Persamaan Cara Berpikir Manusia dengan AI

Saat kecil kita diberikan input informasi. Misalnya seekor hewan dengan ciri-ciri yang disebutkan seseorang, kemudian menamainya dengan sebutan kucing/anjing. Sehingga setelah tumbuh besar, manusia bisa membedakan mana hewan kucing mana hewan anjing.

Cara Berpikir Mesin: Mesin diberikan input dalam bentuk angka-angka yang merepresentasikan panjang tubuh dan panjang moncong kucing dan anjing. Kemudian learning machine bertugas untuk membuat garis pembeda antara dua objek tersebut. Sehingga ketika sensor mesin menemukan objek yang mirip dengan input informasi, mesin akan mengidentifikasi secara tepat apakah objek tersebut kucing atau anjing. Dapat dikatakan bahwa di dalam mesin AI ada data dan label, sehingga dengan keduanya akan menciptakan persamaan matematika yang berubah-ubah sesuai dengan perubahan datanya sampai kepada proses training yang berujung pada data dan label baru pada objek. Namun kemampuan berpikir manusia lebih dari AI. Manusia memiliki kemampuan mengkategorisasi informasi, mana benda yang mirip tanpa harus diberi input informasi yang lain karena manusia bisa mencari persamaannya.

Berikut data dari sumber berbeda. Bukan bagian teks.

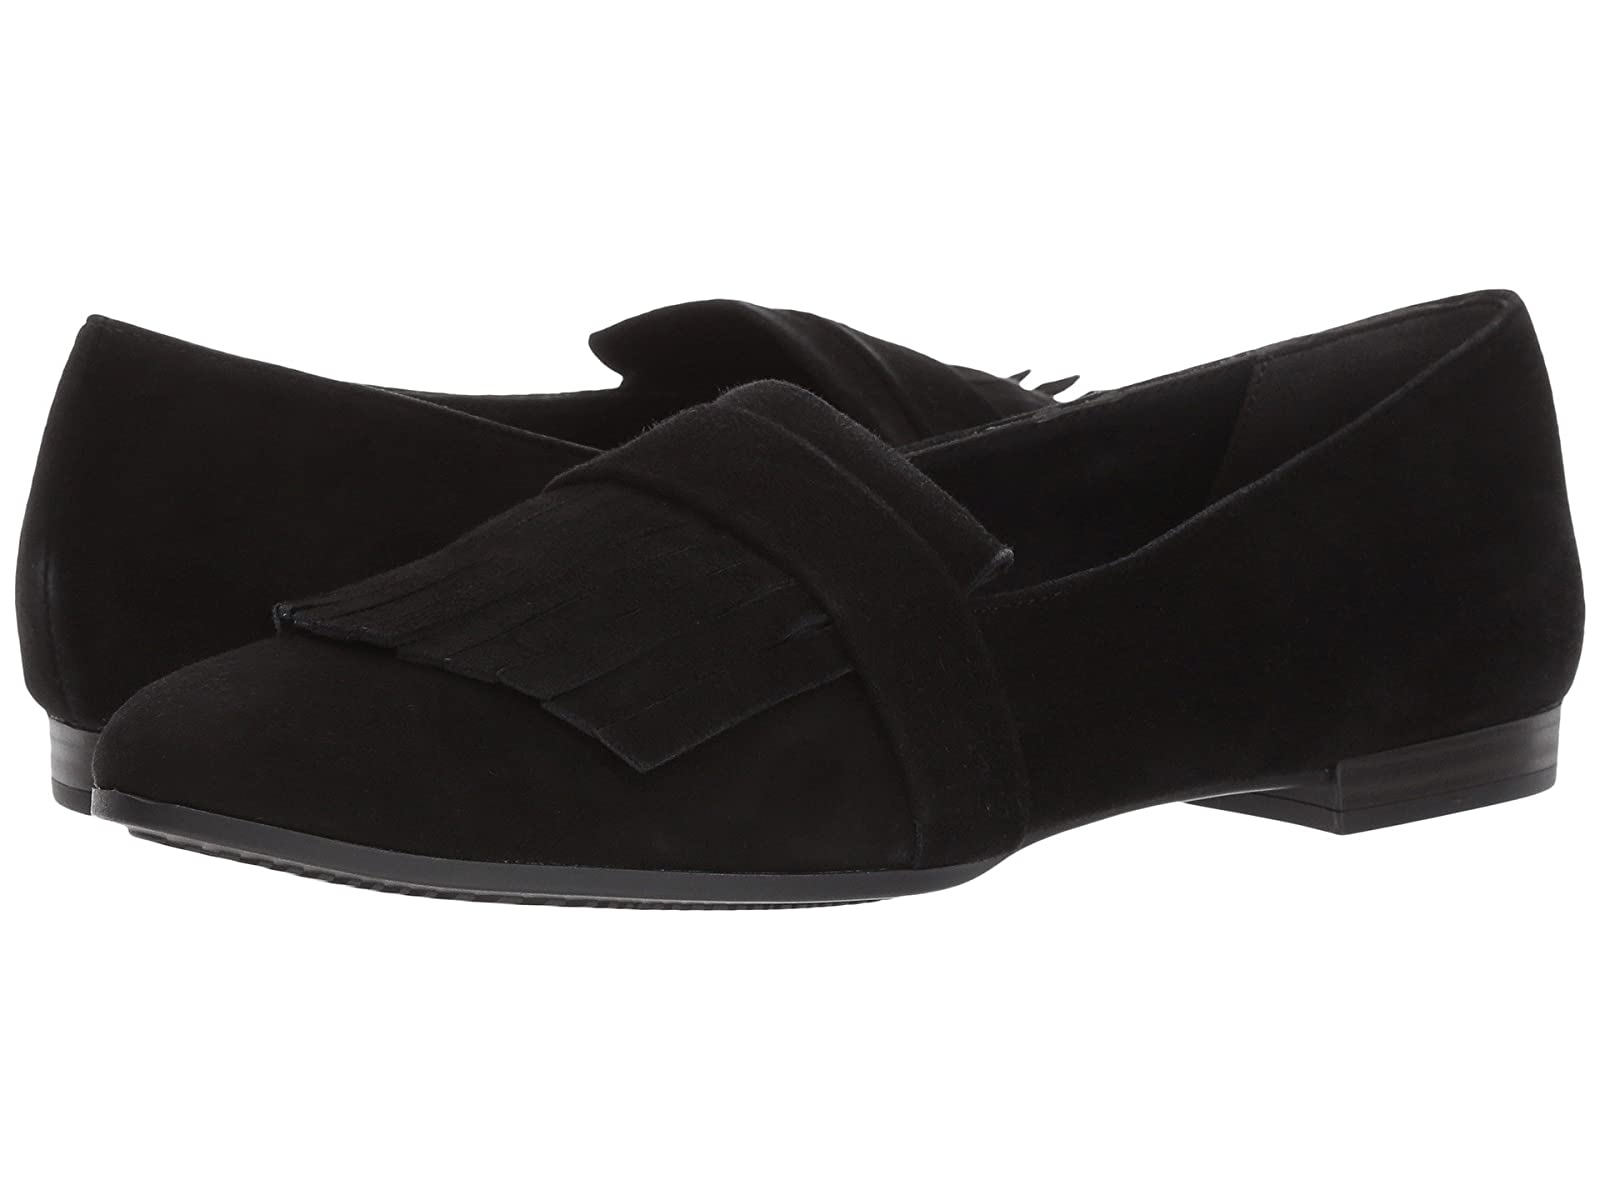 Tamaris Alena 1-1-24200-39Cheap and distinctive eye-catching shoes

Peran AI bagi Hidup Manusia

Mari kita simak ilustrasi berikut. Seorang pelajar bangun tidur kemudian meraih Hpnya. Ia kemudian menggunakan sistem touch screen untuk melakukan scroll di media sosial. Kemudian dia menanyakan bagaimana keadaan cuaca melalui aplikasi cuaca di Hpnya. Ia juga belajar bahasa asing melalui Hpnya. Aplikasi bahasa yang dia download dapat mengenali apa yang dia katakan dan aplikasi dapat memberi feedback dari apa yang dia ucapkan. Saat dia sedang pergi ke suatu tempat, di dalam mobil ia menggunakan maps digital untuk memberitahukannya arah agar menghindari kemacetan di jalan. Sembari ia juga mendengarkan music streaming di saluran yang dia sukai. Di tempat yang berbeda, seorang insinyur mobil sedang mengatur perangkaian komponen-komponen mobil oleh robot dan manusia secara bersamaan. Robot juga digunakan untuk mengecat mobil. Kemudian setelah mobil siap, komputer menjalankan tugas untuk melakukan pengecekan terhadap kelengkapan komponen setiap mobil

Di perkebunan, petani menggunakan aplikasi untuk melakukan pengecekan terhadap tumbuhannya. Aplikasi lalu memberi tahu masalah dan merekomendasikan penanganannya. Di Ruang Operasi, dokter menggunakan AI untuk membantu mendiagnosis penyakit pasien, dan robot juga digunakan untuk melakukan beberapa bagian tindakan operasi medis. AI juga membantu pekerjaan profesional lainnya seperti pilot dan astronot.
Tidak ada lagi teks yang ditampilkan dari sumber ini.